DATA FOR THE TASK:

··········

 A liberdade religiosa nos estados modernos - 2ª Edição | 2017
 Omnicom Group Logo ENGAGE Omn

··········

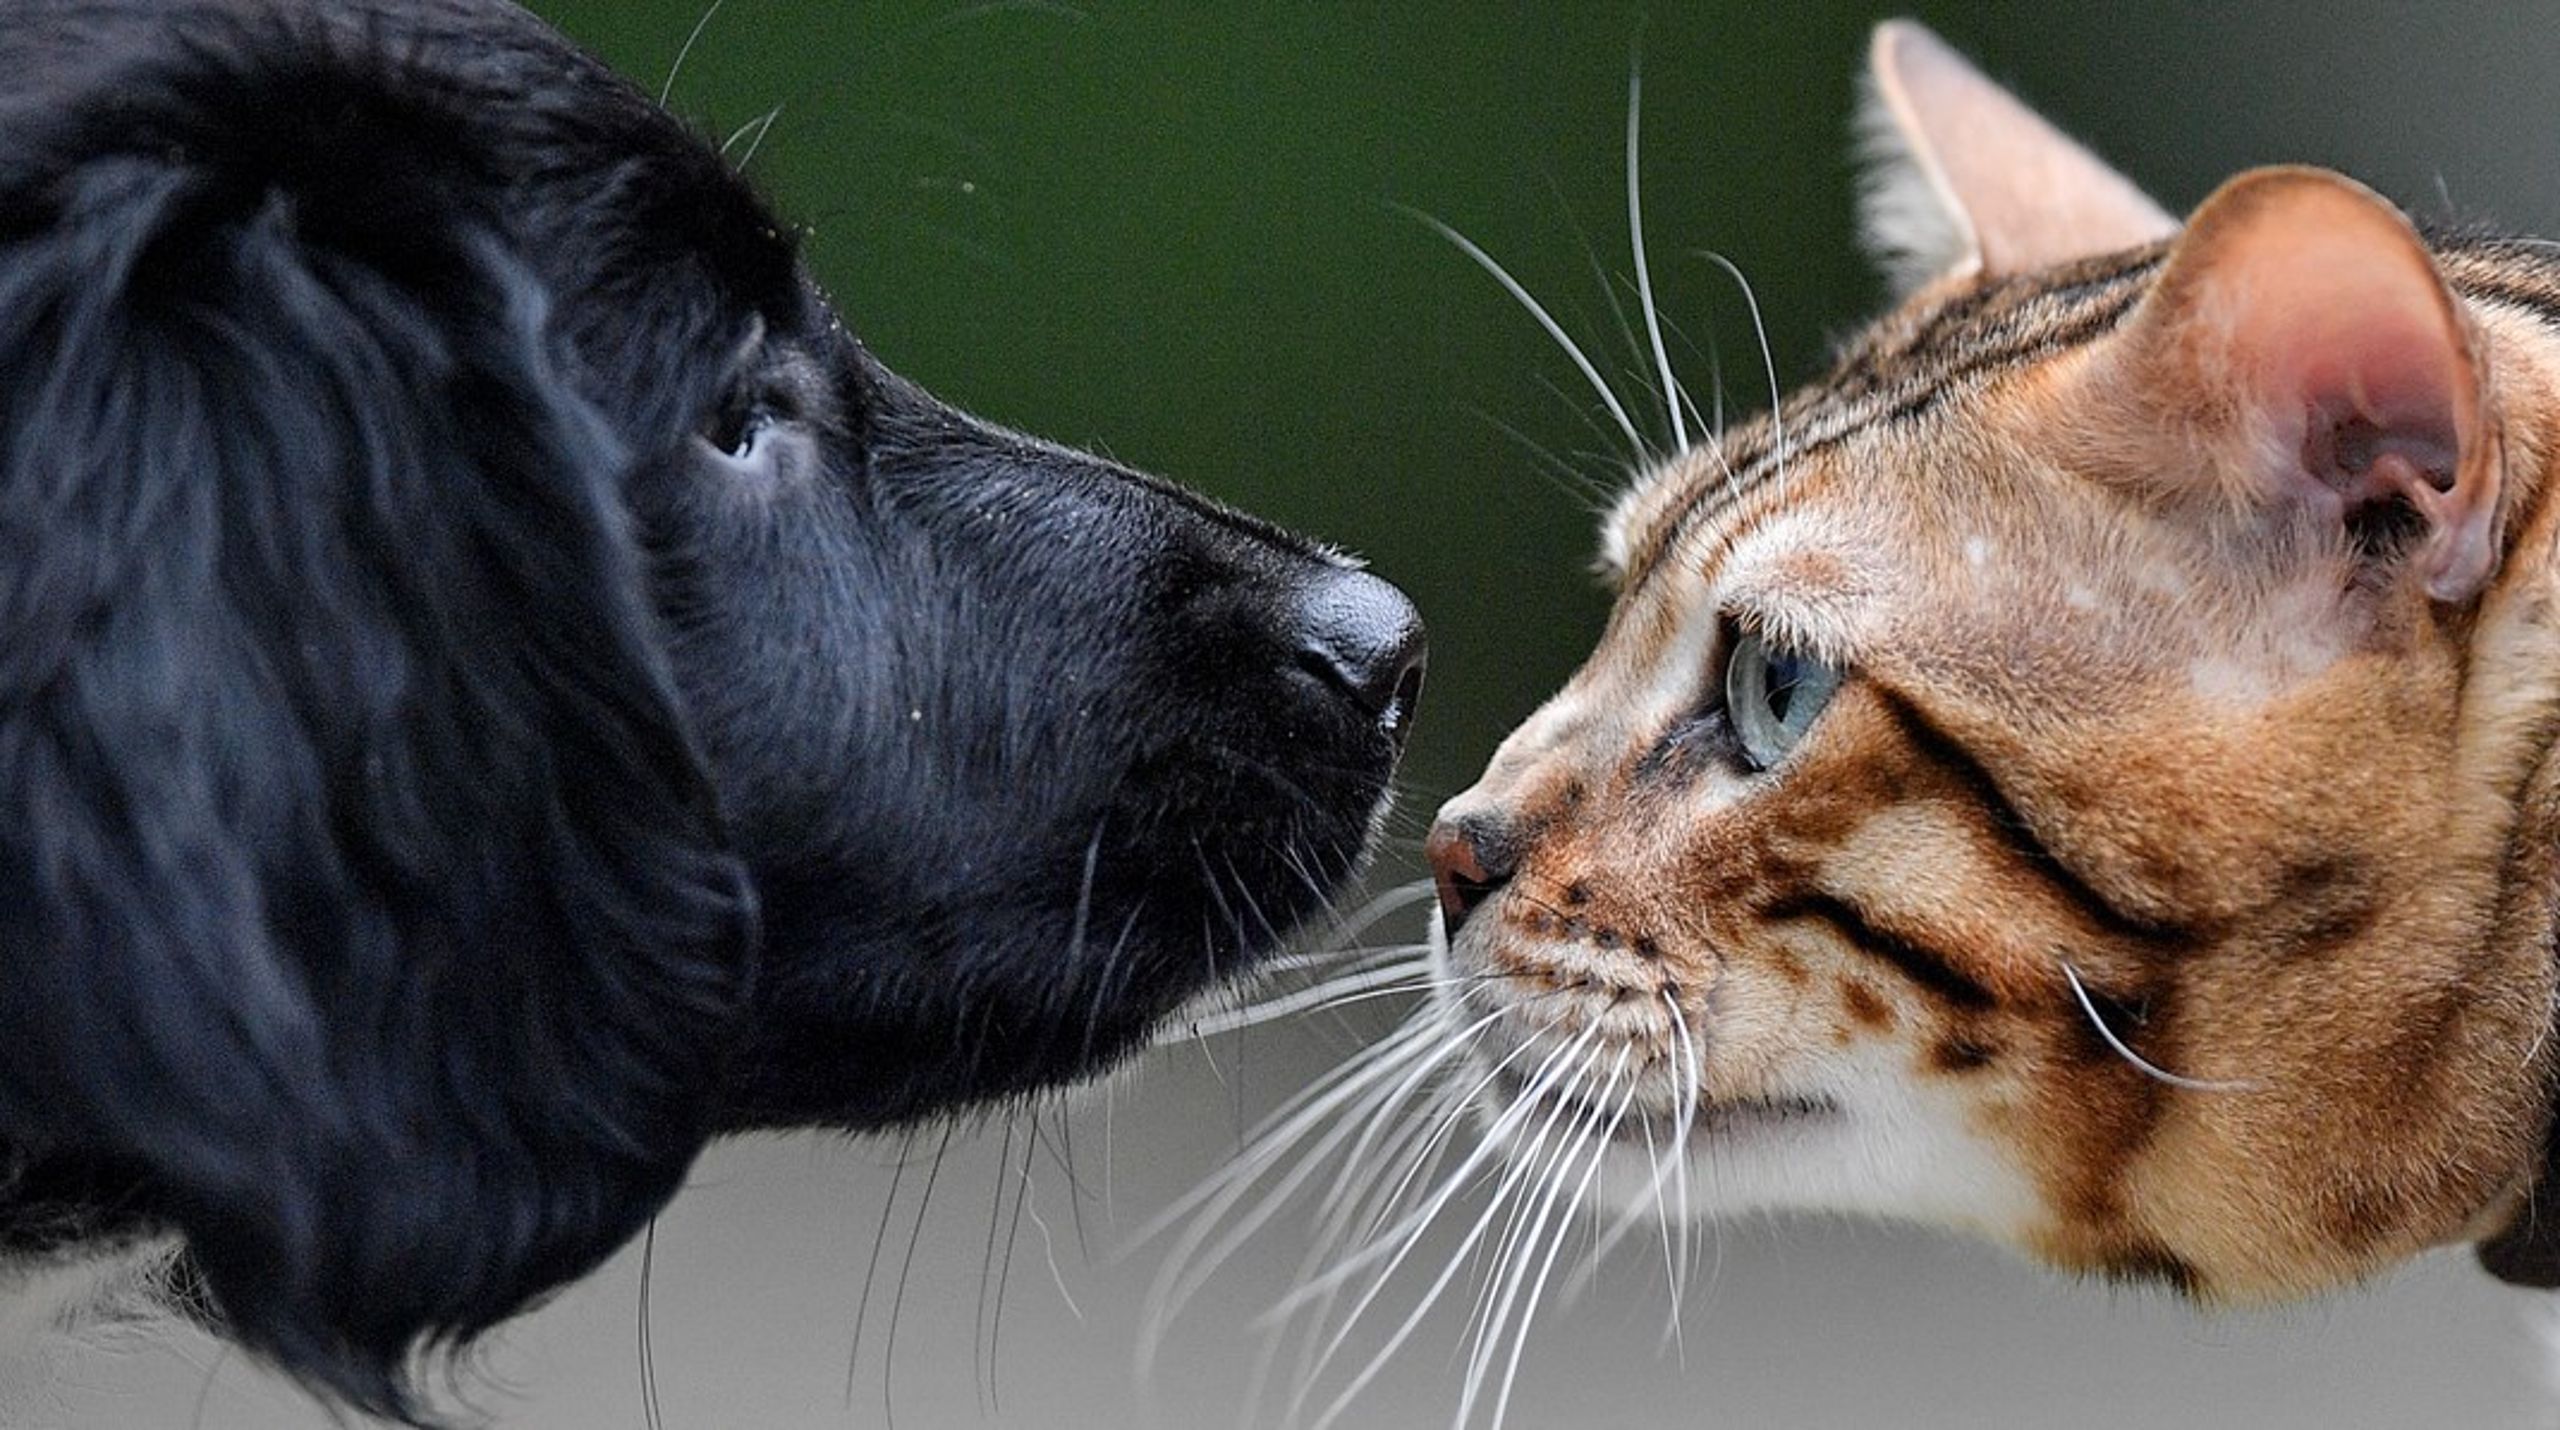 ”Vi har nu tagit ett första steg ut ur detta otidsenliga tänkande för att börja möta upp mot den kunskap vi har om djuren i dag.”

··········

WHAT TO WORK ON: Your task is to retype the entries verbatim, starting with the line that holds "A liberdade religiosa" and stopping after the line that holds "Omnicom Group Logo ENGAGE Omn".

RESPONSE TO THIS TASK:
 A liberdade religiosa nos estados modernos - 2ª Edição | 2017
 Omnicom Group Logo ENGAGE Omn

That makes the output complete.